Calculus/Integration/Solutions

${\displaystyle {\begin{aligned}\sin(2x)&=2\sin(x)\cos(x)\\{\frac {1}{2}}\sin(2x)&=\sin(x)\cos(x)\end{aligned}}}$ 

By this,

${\displaystyle \int _{0}^{\pi /2}\sin(x)\cos(x)\,dx=\int _{0}^{\pi /2}{\frac {1}{2}}\sin(2x)\,dx}$ .

Let

${\displaystyle u=2x,\qquad du=2\,dx\implies {\frac {1}{2}}du=dx}$ .

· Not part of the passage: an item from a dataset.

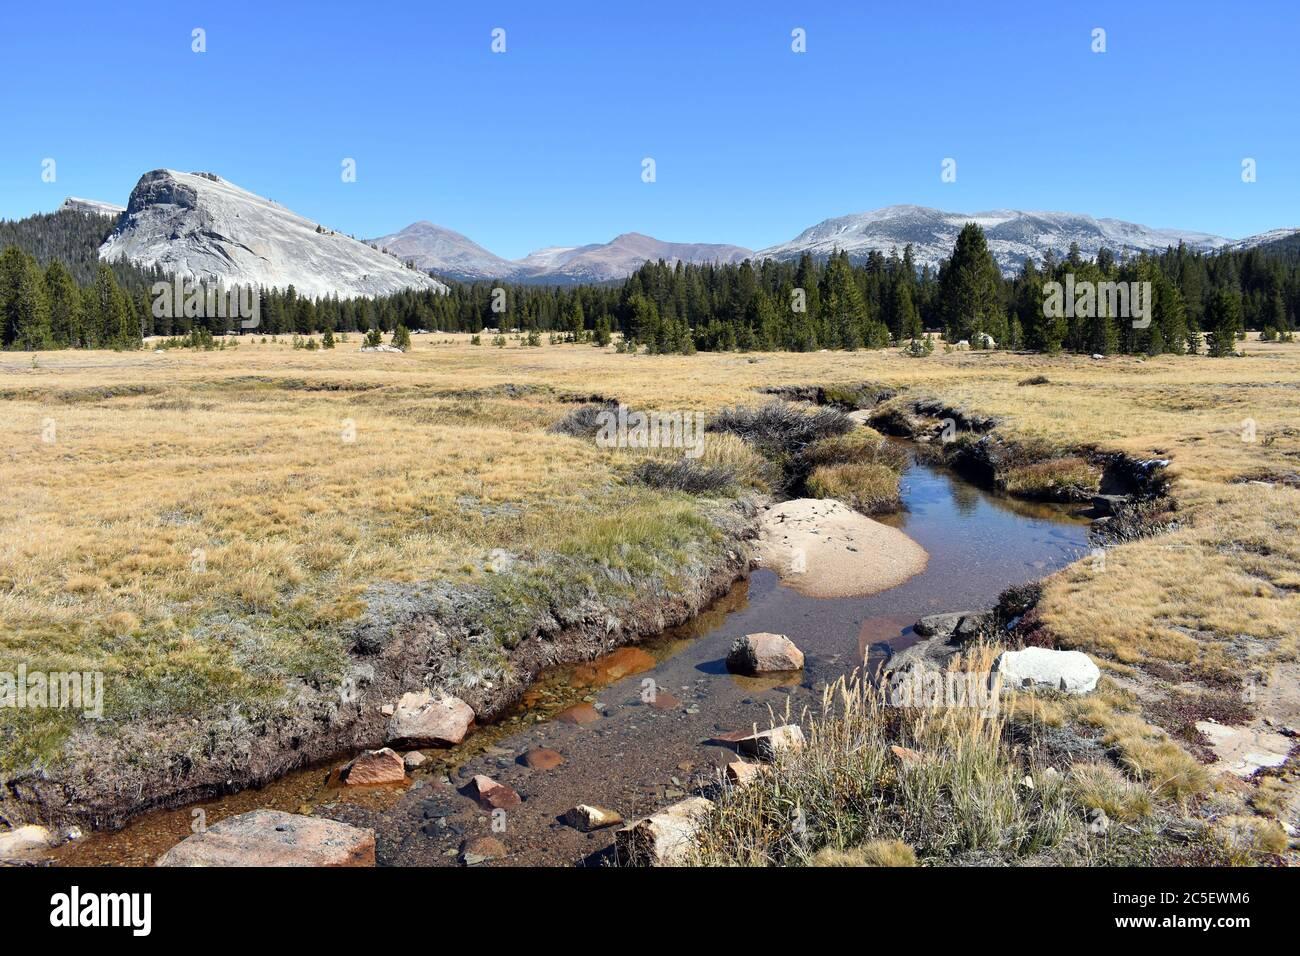 Vue sur Tuolumne Meadows en automne / automne avec Lembert Dome et la rivière Tuolumne entourée d'herbe jaune. Parc national de Yosemite, Californie. Banque D'Images

${\displaystyle u(0)=0,\qquad u(\pi /2)=\pi }$ 

Then,

${\displaystyle {\begin{aligned}\int _{0}^{\pi /2}{\frac {1}{2}}\sin(2x)\,dx&={\frac {1}{2}}\int _{0}^{\pi }{\frac {1}{2}}\sin(u)\,du\\&=-{\frac {1}{4}}\left(\cos(\pi )-\cos(0)\right)\\&=\mathbf {\frac {1}{2}} \end{aligned}}}$ 

${\displaystyle \int _{0}^{\pi /4}\tan(x)\,dx=\int _{0}^{\pi /4}{\frac {\sin(x)}{\cos(x)}}\,dx}$ 

Let

${\displaystyle u=\cos(x),\qquad -du=\sin(x)\,dx}$ .

${\displaystyle u(0)=1,\qquad u(\pi /4)={\frac {1}{\sqrt {2}}}}$ .

Apply all this information to find the original integral:

${\displaystyle {\begin{aligned}\int _{0}^{\pi /4}{\frac {\sin(x)}{\cos(x)}}\,dx&=-\int _{1}^{1/{\sqrt {2}}}{\frac {1}{u}}\,du\\&=\int _{1/{\sqrt {2}}}^{1}{\frac {1}{u}}\,du\\&=\ln(1)-\ln \left({\frac {1}{\sqrt {2}}}\right)\\&=0+\ln \left({\sqrt {2}}\right)\\&=\mathbf {\frac {\ln(2)}{2}} \end{aligned}}}$ 

${\displaystyle u={\sqrt {2x-1}},\qquad du={\frac {1}{\sqrt {2x-1}}}\,dx}$ .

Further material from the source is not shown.